# Ideas for an electric smoker



## fazer171 (Mar 27, 2011)

This is my first post,I will be aquiring a warmer/proofer.There is a video on ebay with almost the exact warmer im getting.First of all im not that familiar with electric smoking,this unit has a 220v electric heating element with i believe 2 or 3 stages and is capable of 250 deg. i think.What would be the best method of adding wood?I thought of just a pan over the heating element but i've seen those external units that come with the electric models,and thought that may be better for convienance but may add to the cost and then im obligated to use only the wood biscuits/disks.any ideas?Thanks


----------



## rbranstner (Mar 27, 2011)

How big of a smoker are we talking here?
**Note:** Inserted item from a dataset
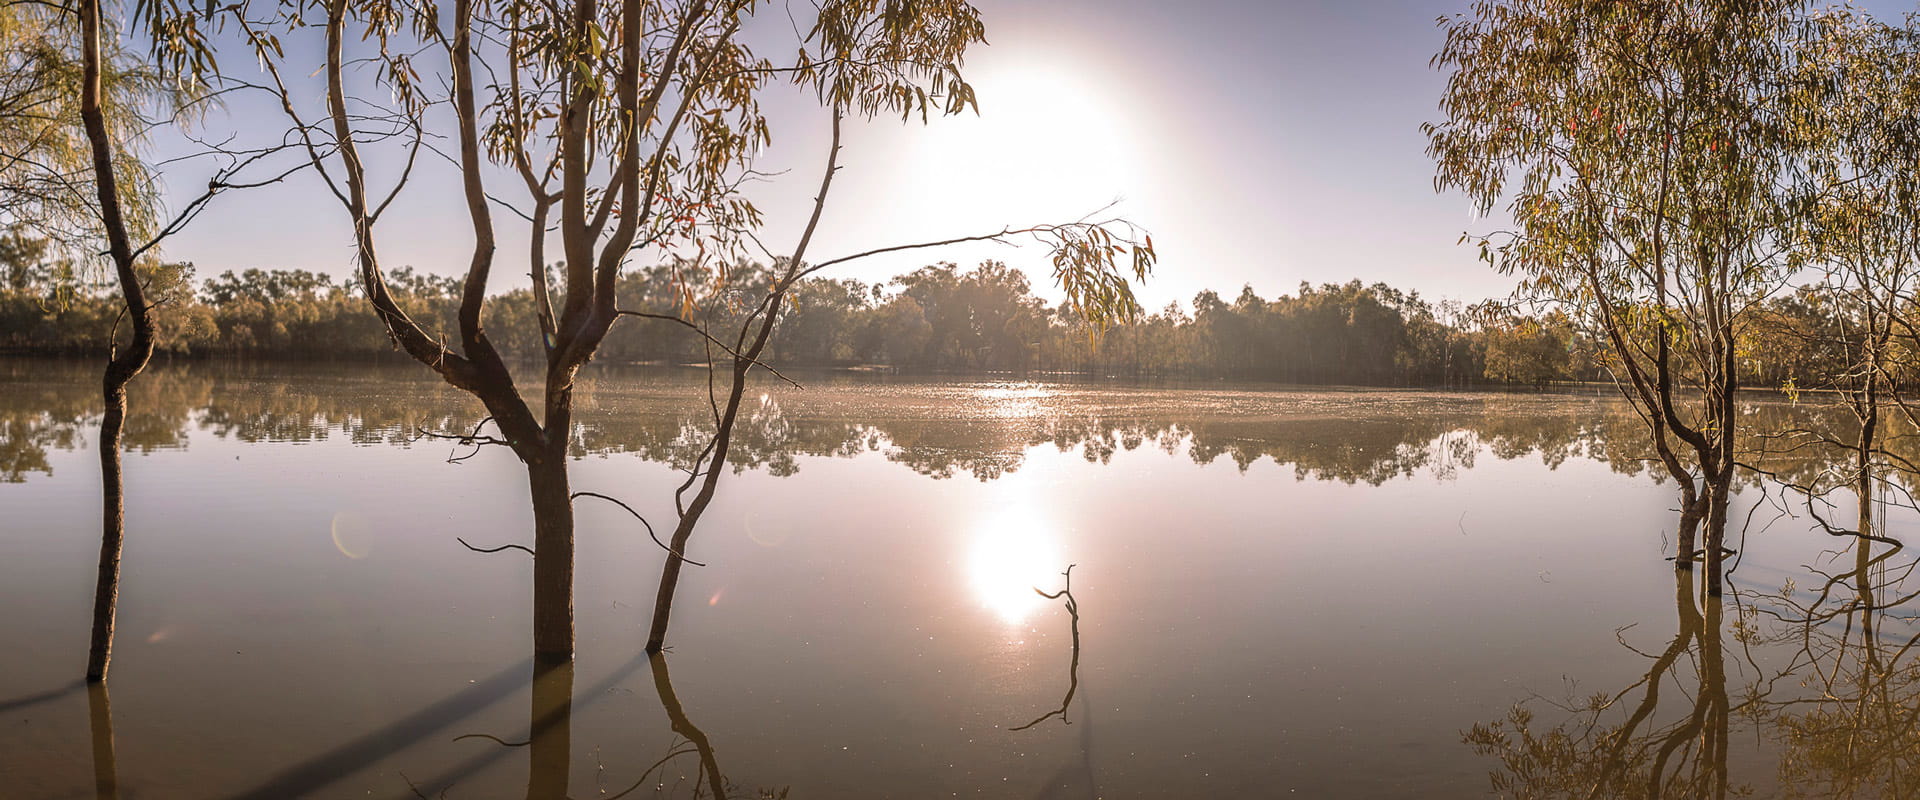 Sunlight glistening on a serene lake bordered by bushland trees and scrub.
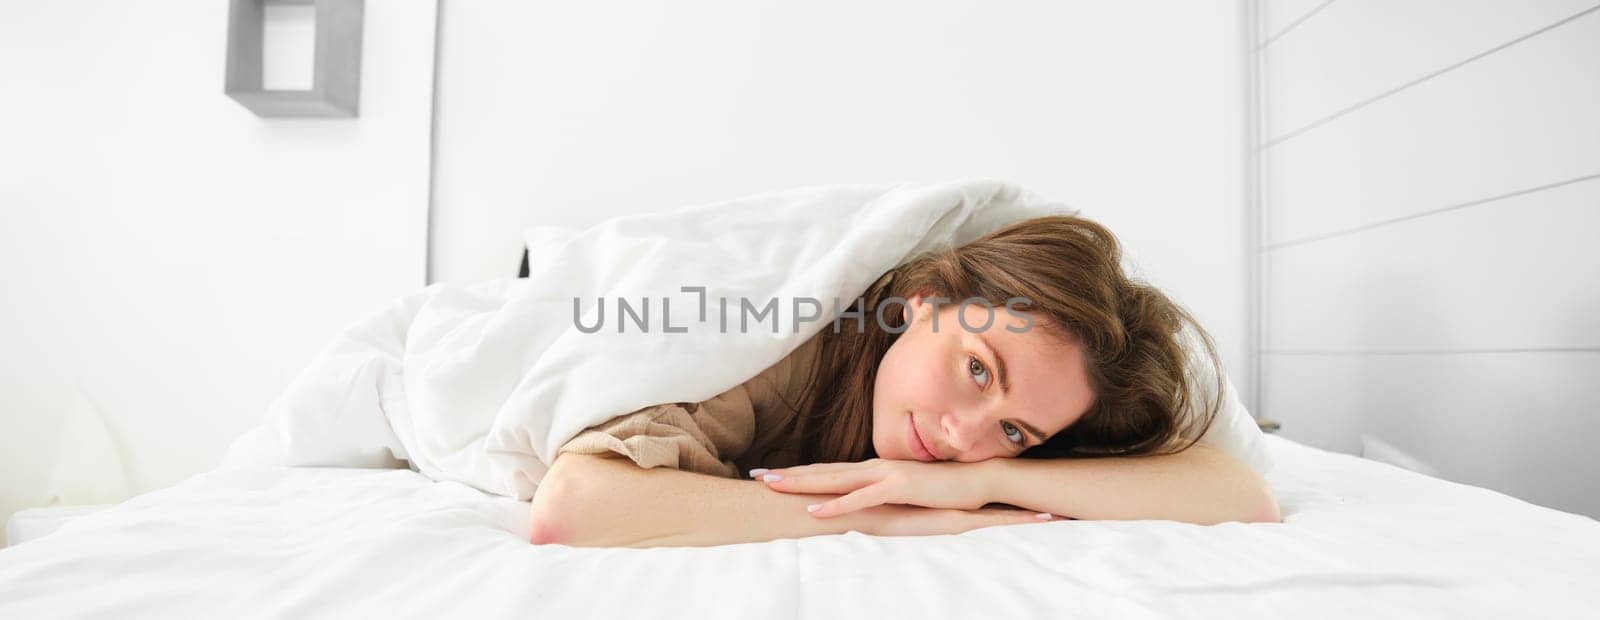 Beautiful young woman, lying in her bed under blanket, looking at camera with romantic, calm smiling face.

You could looking into getting a Amaze-N-Smoker to produce your smoke.


----------



## fazer171 (Mar 27, 2011)

Internally its approx. 2ft W  X 5 ft.H  X  2ft D


----------



## smokingohiobutcher (Mar 29, 2011)

Believe me, Ross, and a whole lot of others here when I say this ....BUY AN A-MAZE-N SMOKER!  It is the best, easiest, most consistant way to produce Thin Blue Smoke (TBS) for an electric smoker on the market today.  I tried all the other ways and the AMNS has them beat! and for the low cost for start up equipment it is awesome!!! It is what I am using in my electric smoker build.  Plus you can not turn on the heating element and do a cold smoke!  Simply AMAZING!!!

http://www.smokingmeatforums.com/products/a-maze-n-smoker

SOB


----------



## SmokinAl (Mar 29, 2011)

What SOB & Ross said.


----------